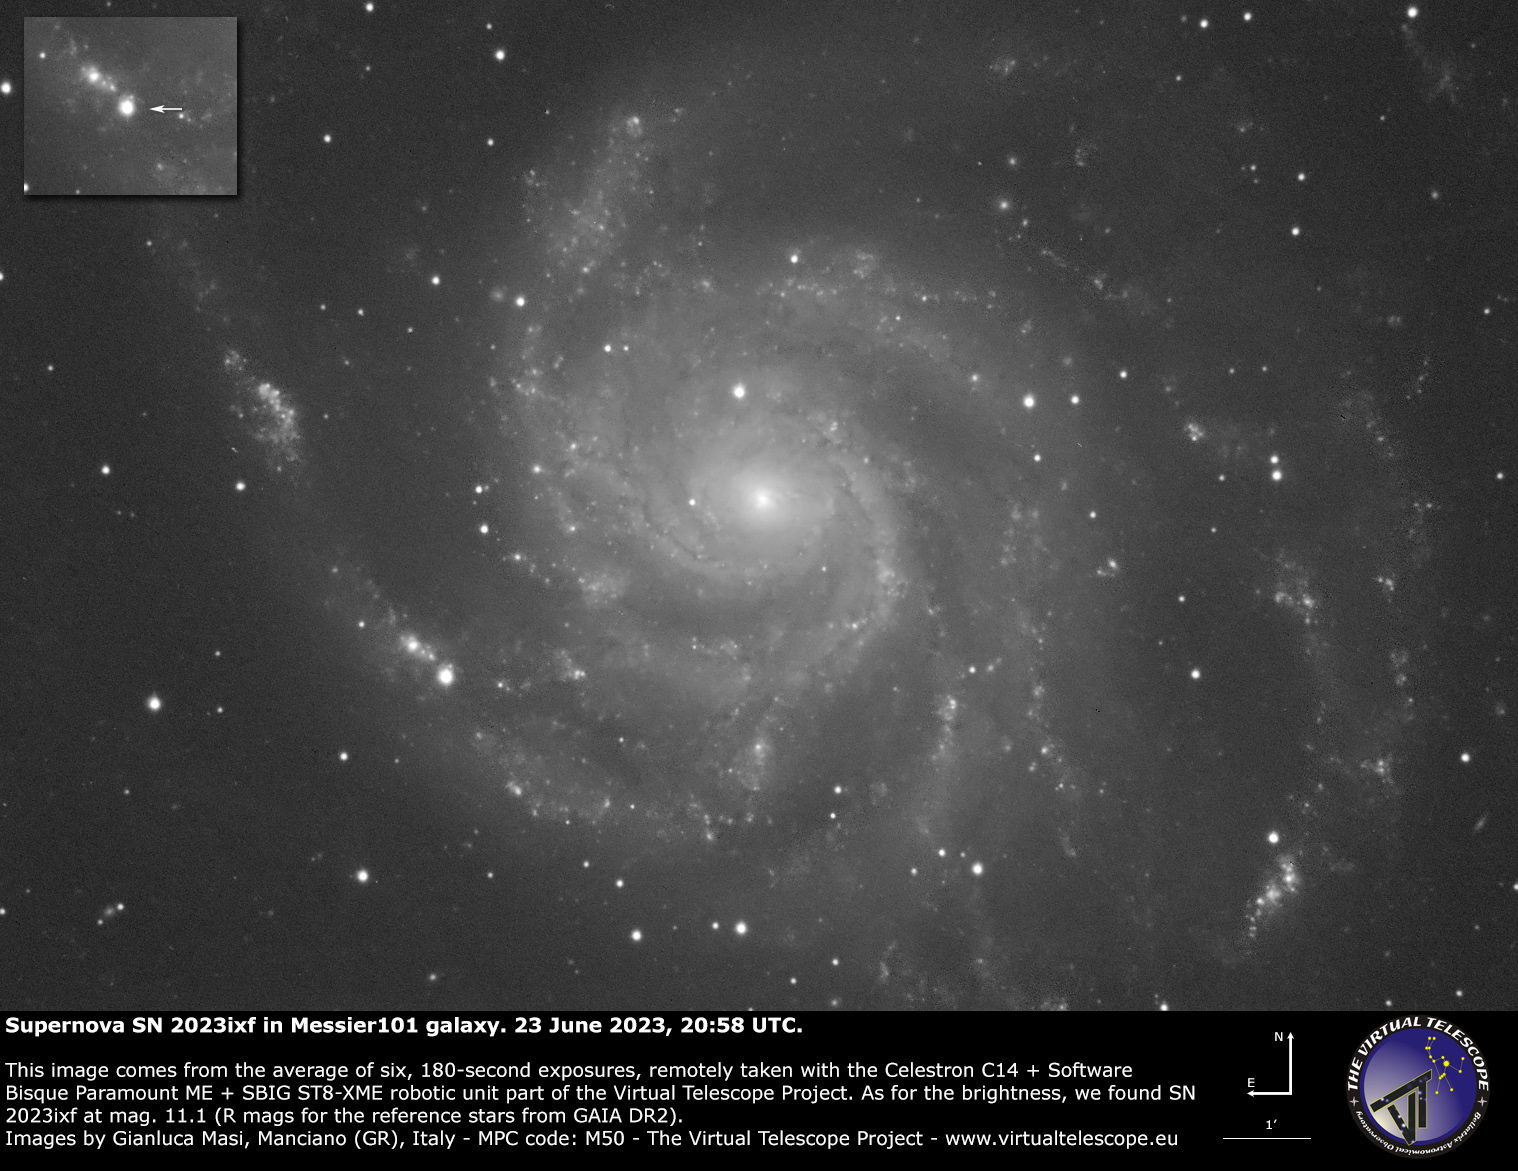 Supernova SN 2023ixf in Messier 101. 23 June 2023.
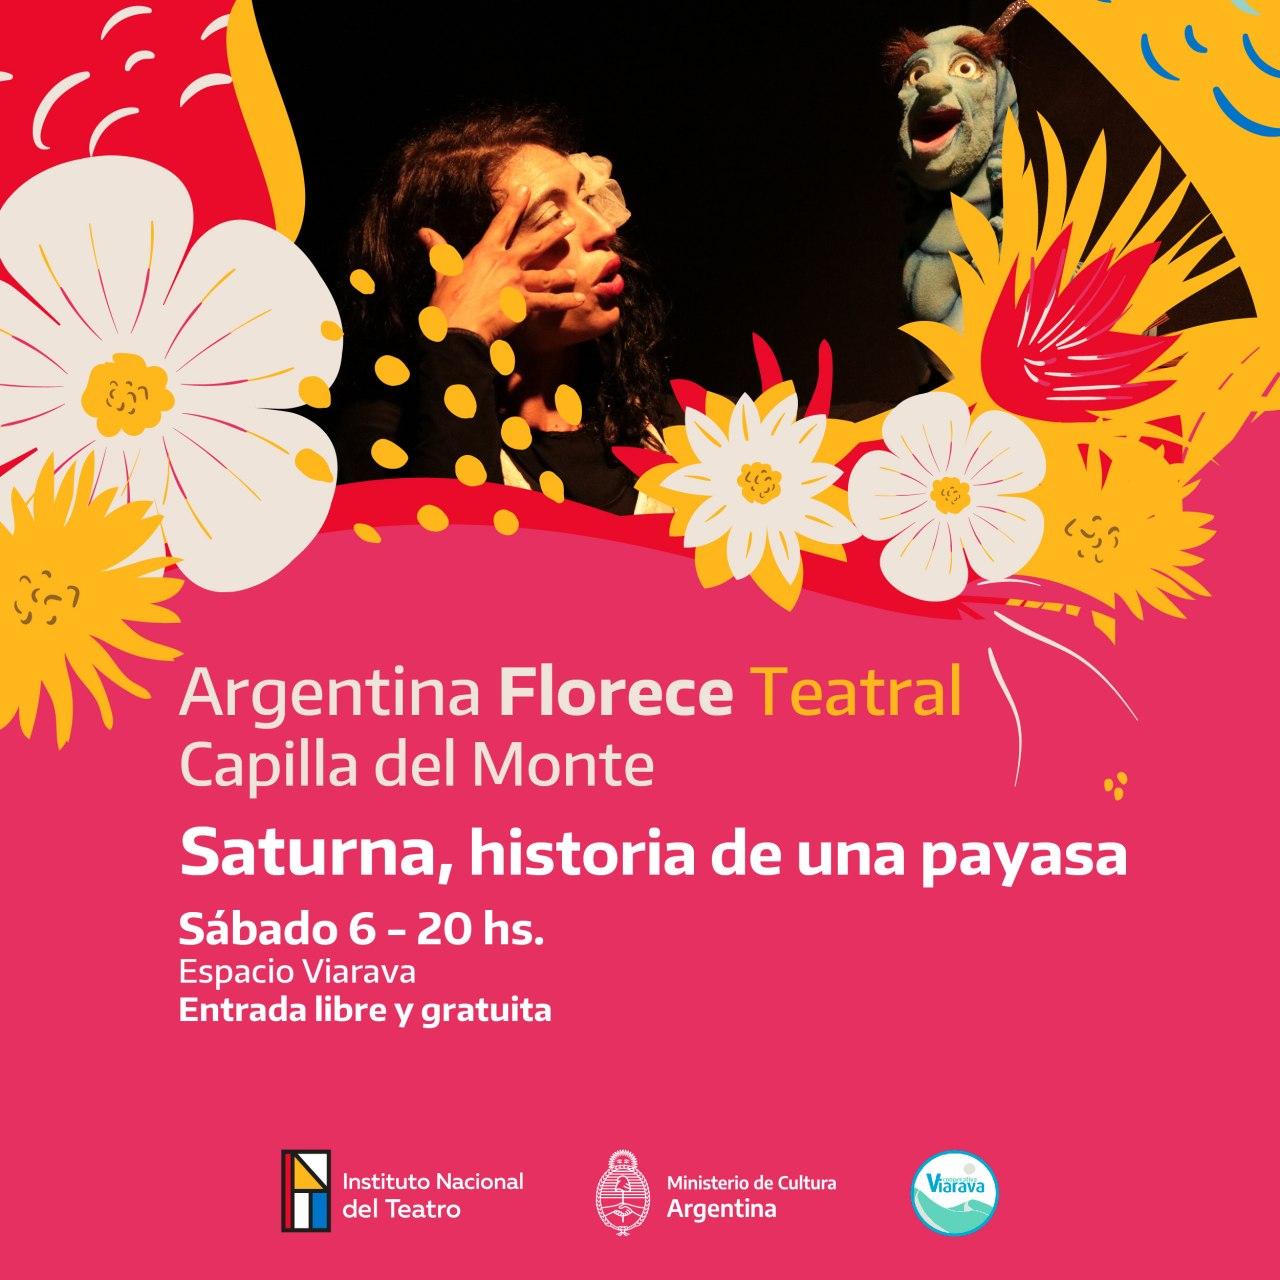 Argentina Florece: Saturna llega a Espacio Viarava con un espectáculo gratuito
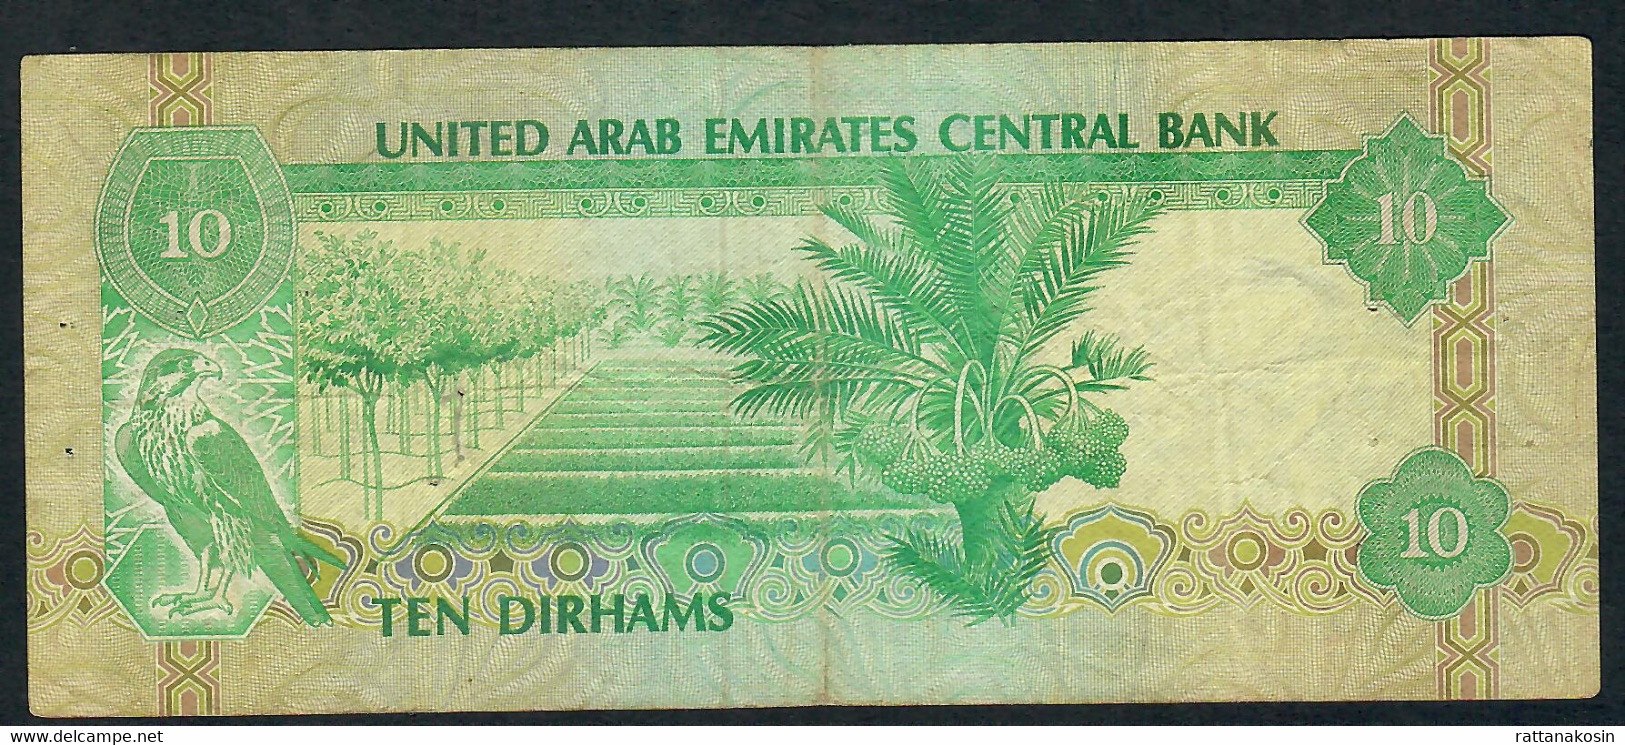 U.A.E. P8 10 DIRHAMS 1982 FINE - Emirati Arabi Uniti
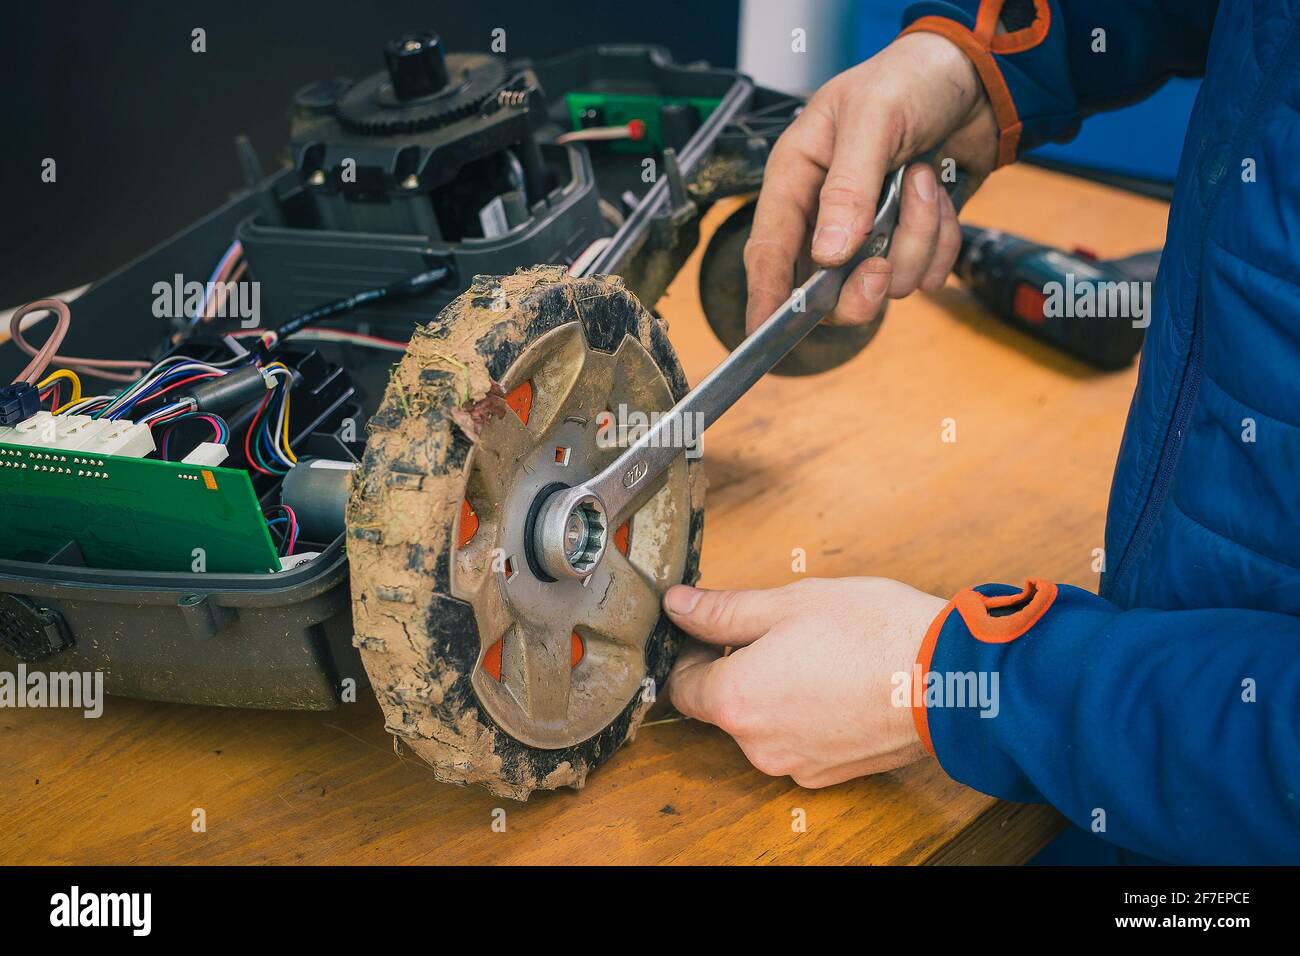 L'addetto alla manutenzione deve smontare e smontare le ruote sul rasaerba  robotizzato, il rasaerba motorizzato deve essere sottoposto a manutenzione  su un tavolo dopo un anno di utilizzo nel fango e nell'erba

* [WHAT IS EXPECTED]: Since the pictures are not wanted, give the material again exactly without them.

* [OUTPUT OF THE EXERCISE]:
 Supernova SN 2023ixf in Messier 101. 23 June 2023.
 Argentina Florece: Saturna llega a Espacio Viarava con un espectáculo gratuito
 U.A.E. P8 10 DIRHAMS 1982 FINE - Emirati Arabi Uniti
 L'addetto alla manutenzione deve smontare e smontare le ruote sul rasaerba  robotizzato, il rasaerba motorizzato deve essere sottoposto a manutenzione  su un tavolo dopo un anno di utilizzo nel fango e nell'erba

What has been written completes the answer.